# I need help wiring up an old fisher electric hydraulic pump



## Advanced Glenn (Dec 5, 2008)

Setting up a backup truck. Bought a set of used fisher in cab controls that have the electric switch for an electric hyd pump. Also purchased a used fisher elc hyd pump. There is a solenoid mounted on the pump. The switch has two wires coming out of it, both black. I know one has to go to the solenoid on the pump. Where does the other one go? Can anyone help?

Thanks


----------



## Crash935 (Sep 3, 2003)

Is this a cable operated pump and controls?


----------



## Advanced Glenn (Dec 5, 2008)

*Cable controls*

Yes these are cable controls. The same you would use for a normal fisher belt driven hydraulic system. It just has a switch that is actuated by the same mechanism that pushes and pulls the cables.


----------



## Crash935 (Sep 3, 2003)

one wire should be a keyed hot in the other goes to a small terminal on the motor solenoid.
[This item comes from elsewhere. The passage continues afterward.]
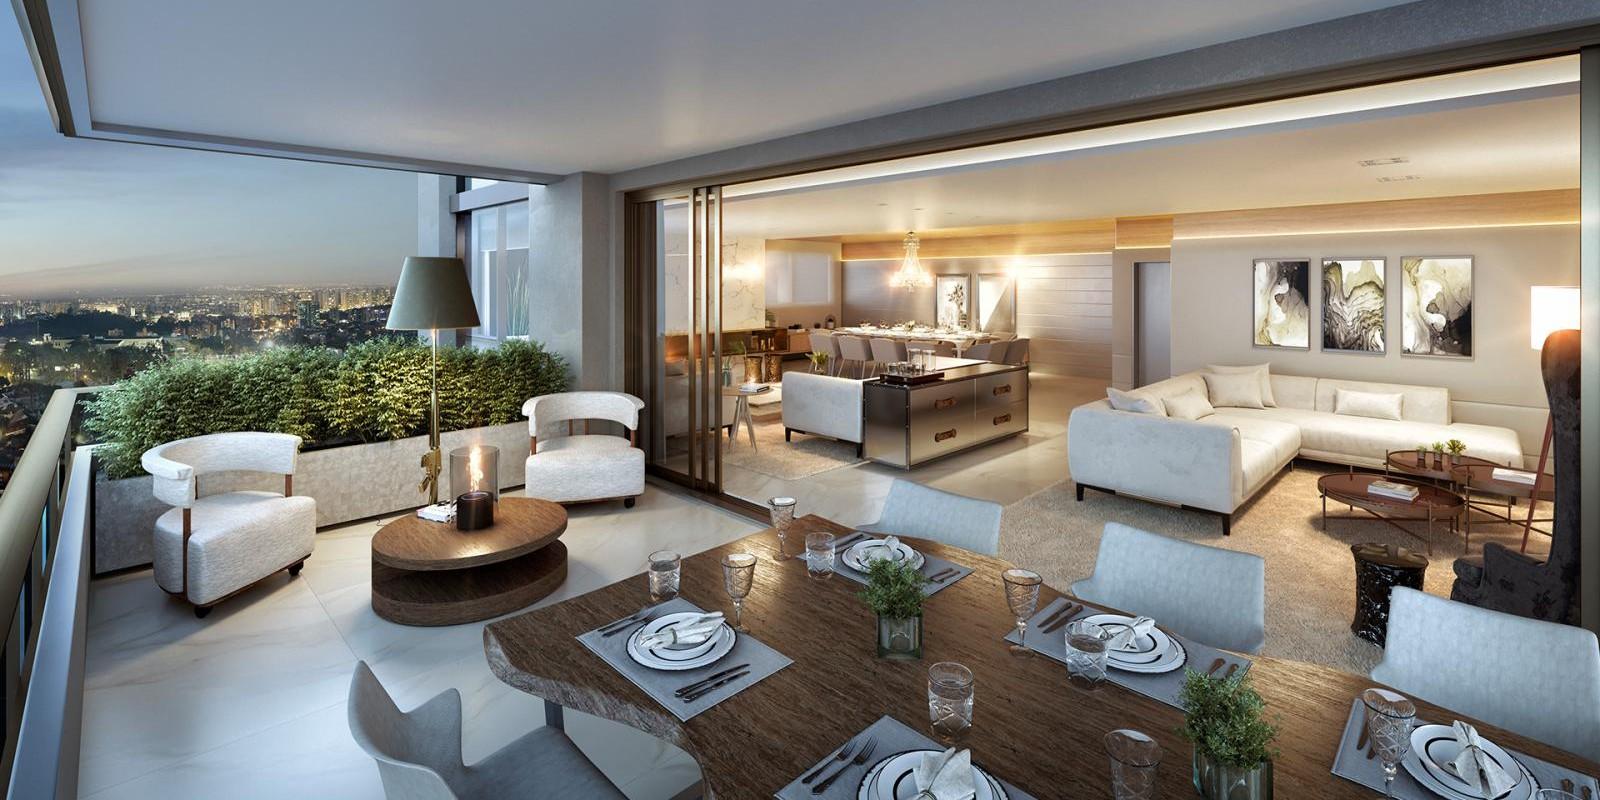 TPS Imóveis - Veja Foto 5 de 5 do Apartamento de Luxo A Venda Porto Alegre

heres a parts breakdown, schematics and troubleshooting guide.

http://www.fishersnowplows.com/publications.asp?cat=102


----------



## Advanced Glenn (Dec 5, 2008)

Thanks for your help. The schematics don't look the same as my controller. This is stand alone elec hyd pump that mounts under the hood. It has in and out hyd hoses that go to manifold. The controller is old style metal bracket that bolts under dash. Up/down left/right knob, two cables coming out of rear, has a little switch that is actuated only for up and left/right. That would be my guess that one of these wires needs power. And the other goes to the single post on the solenoid. Problem is both wires are just black with a little spade connector. I might just have to mess around with it and see what I can come up with.

Thanks again


----------



## Advanced Glenn (Dec 5, 2008)

I believe this is my controller. See the two wires?


----------



## Advanced Glenn (Dec 5, 2008)

Here is the link, just in case you cannot open that pdf file.

http://www.fishersnowplows.com/searchresults.asp[/URL]


----------



## Crash935 (Sep 3, 2003)

It wont matter which wire you use for what, your just completeing the circuit in the controller.

Have you found any pics or install instructions for the underhood pump online, theres another member who has the same unit and is having some install troubles.


----------